John Lasseter got a call from Laurene, who told him he should come quickly for one last visit. “We just hung out in that study they had turned into a bedroom for him. We talked all about Pixar, all the things at Disney, and stuff like that. And then I kinda looked at him and he said, ‘Yeah I need to get a nap now.’ I got up to go, and then I stopped, and I looked at him and came back. I gave him a big hug, and a kiss, and I said, ‘Thank you. Thank you for everything you’ve done for me.’
“He’s special,” says Lasseter. “It’s funny, there’s a little group of people who were very close to Steve up until the very end. And we all miss him very much. I was at Laurene’s birthday party [in November 2013], her fiftieth birthday, in San Francisco. I got there a bit early, and Tim came in. He came over and we started talking, and of course we started talking about Steve. I said, ‘Do you miss him? I really miss Steve.’ And I showed him this,” says Lasseter, pointing to the favorites list on his iPhone. “I still have Steve’s number on my phone. I said, ‘I’ll never be able to take that out.’ And Tim took out his iPhone and showed me—he still had Steve’s number in his phone, too.”

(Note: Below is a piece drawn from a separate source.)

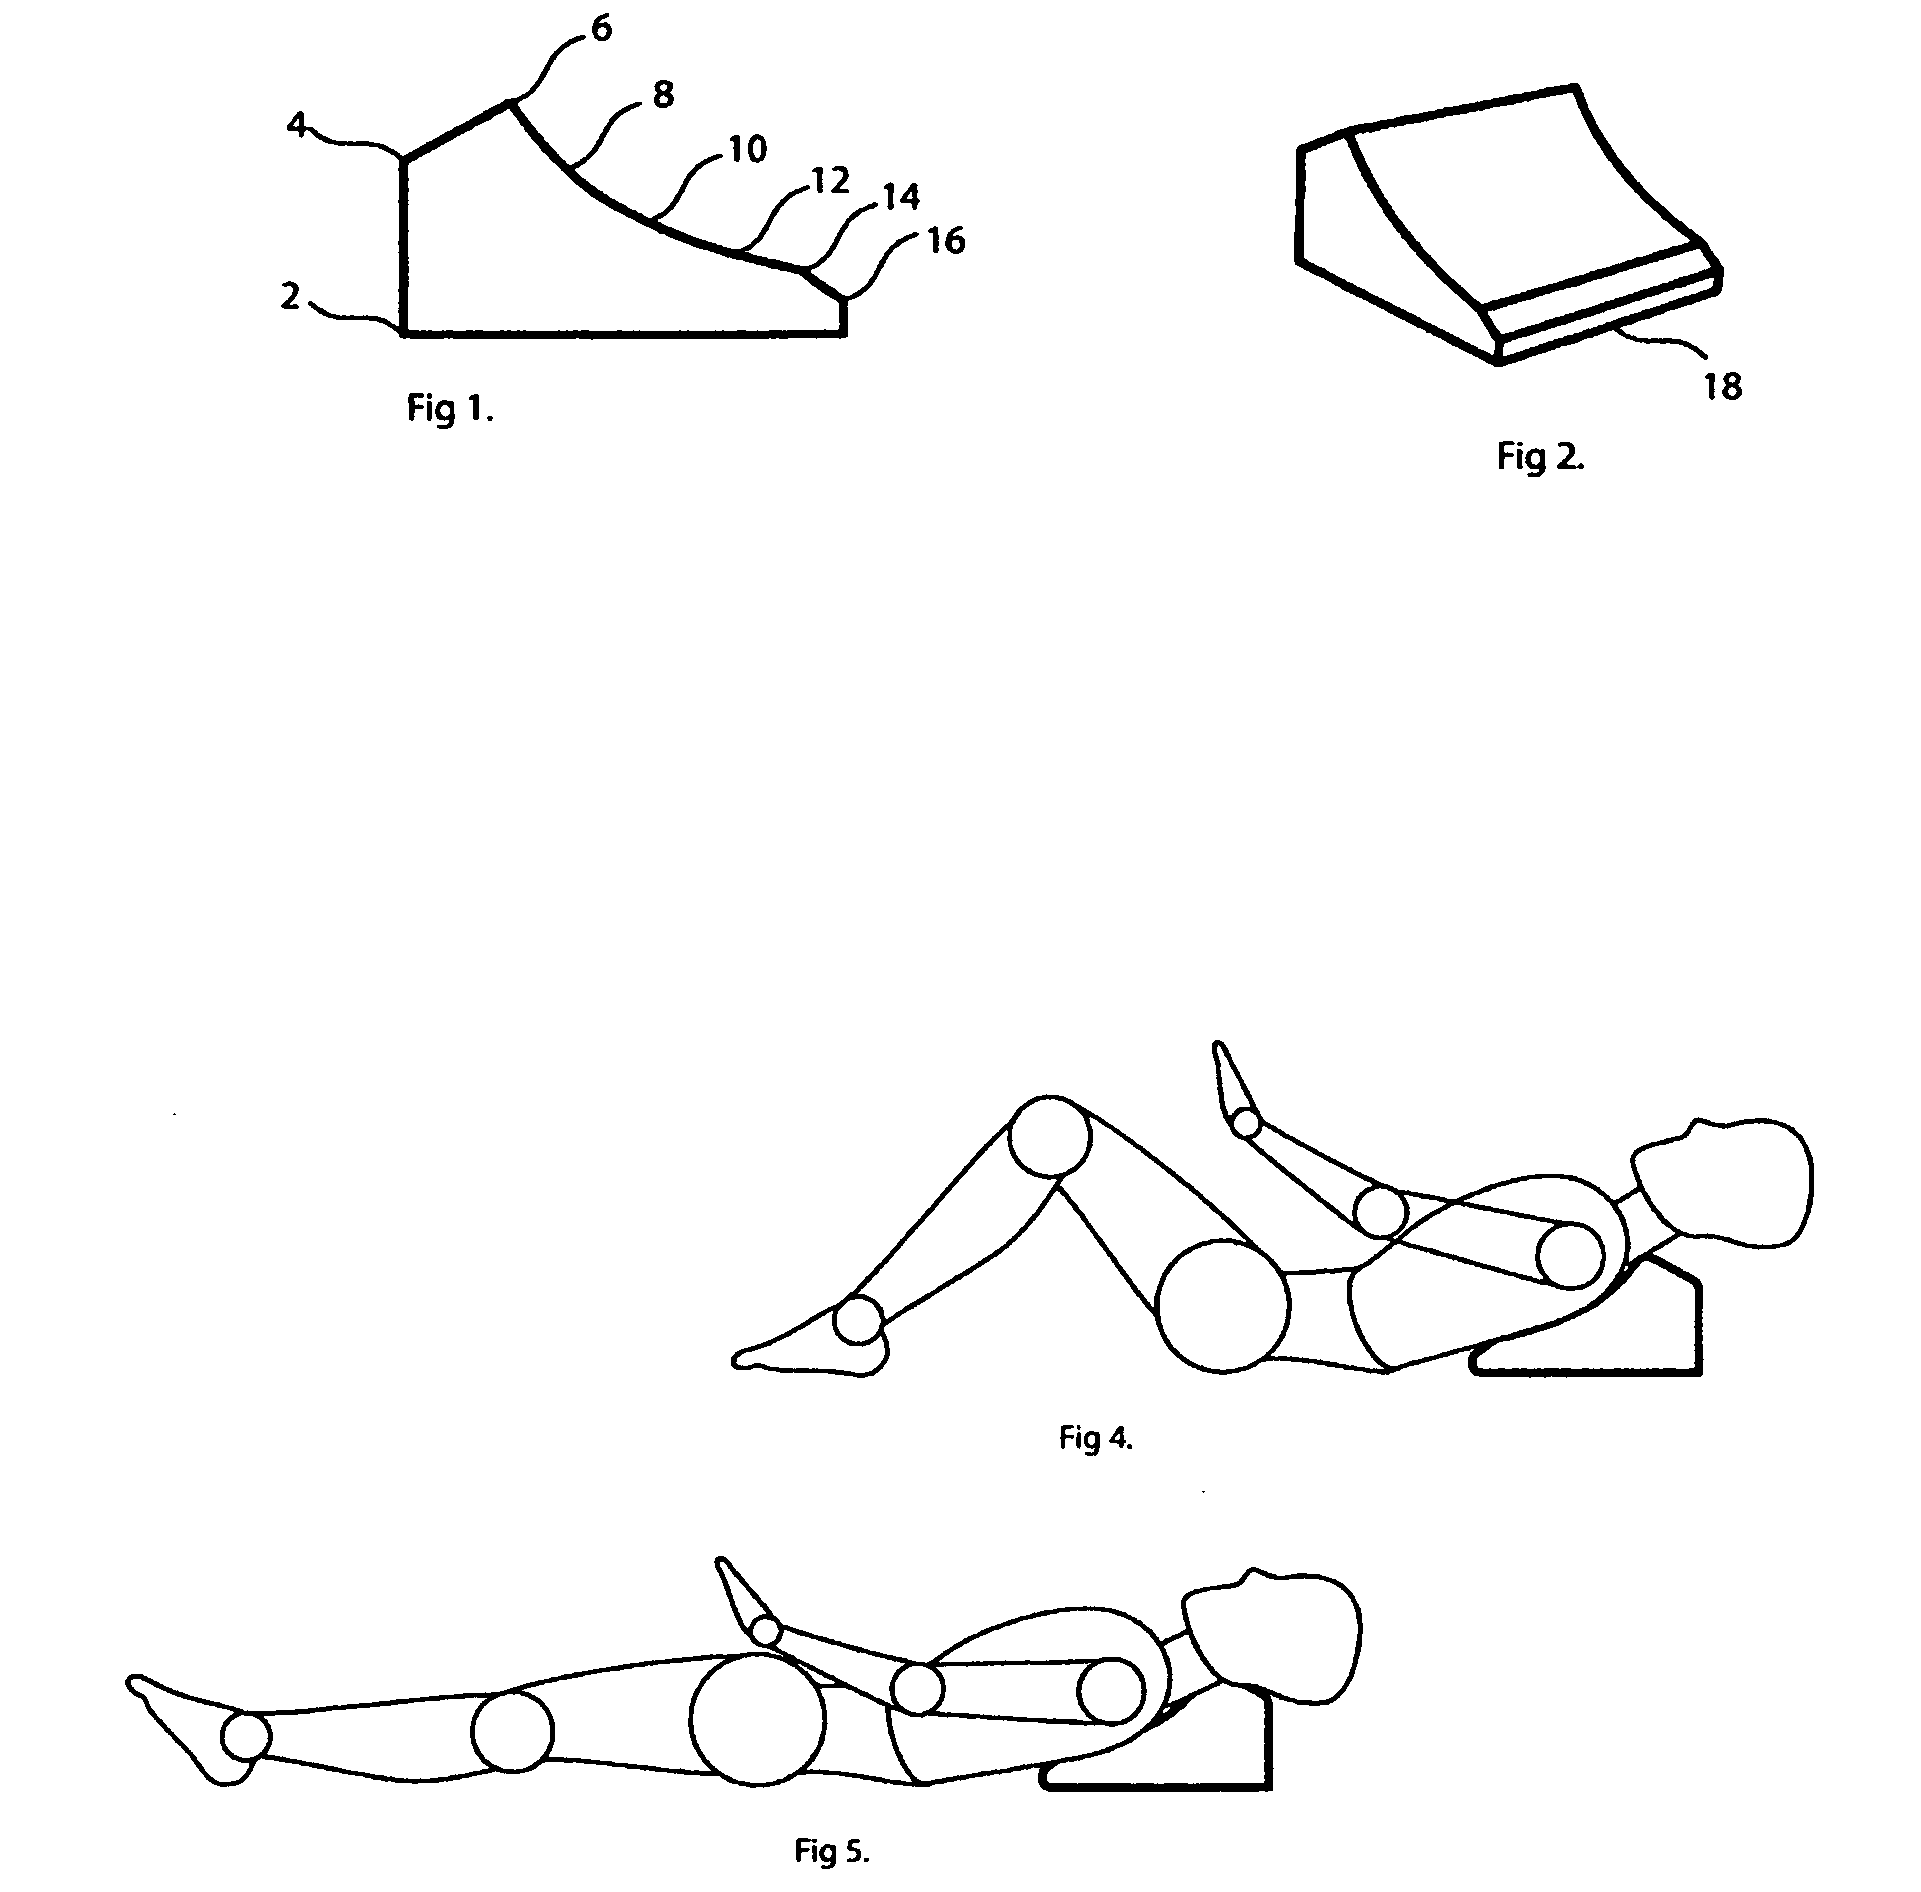 Body support system for a variety of purposes

“LIFE SHOULD BE about renewal and growth,” says Jim Collins. “Most great leaders don’t start out that way, they grow into it. And that’s what Steve did. I don’t see it as a success story, but a growth story. I wish I could have seen Steve Jobs 3.0. Seeing him from age fifty-five to seventy-five would have been fascinating. If you’re in good health at that age, 3.0 should be the best. But we don’t get to see that.”
“There are three things you need to be considered a truly great company,” Collins continues, switching gears to Apple. “Number one, you have to deliver superior financial results. Number two, you have to make a distinctive impact, to the point where if you didn’t exist you couldn’t be easily replaced. Number three, the company must have lasting endurance, beyond multiple generations of technology, markets, and cycles, and it must demonstrate the ability to do this beyond a single leader. Apple has numbers one and two. Steve was racing the clock [to help it get number three]. Whether it has lasting endurance is the final check, something we won’t know for some time. There are lots of good people there, and maybe they’ll get it.”
By the time of his death, Apple was truly extraordinary in just about every way that mattered to Steve. By 2011, it could safely be said that no other American corporation had a comparable record of innovation and success. Its internal goal, of continually developing great products in an efficient, unbureaucratic method built around the productivity of and collaboration between small teams, had been successful in ways that defy the fact that the company had grown to 60,000 employees at the time of his death. Its revenue stream was so much more profitable and diversified than it had been when he returned in 1997. Its management team was a veteran group that had been remarkably stable over the years. Avie Tevanian, Jon Rubinstein, Fred Anderson, and Tony Fadell were notable departures, but others remained with institutional memory and remarkable chops. Most important of all, the company had shown an astounding capacity to conceive, develop, manufacture, and market products that really and truly were insanely great. It was doing everything Steve had ever hoped a company could do.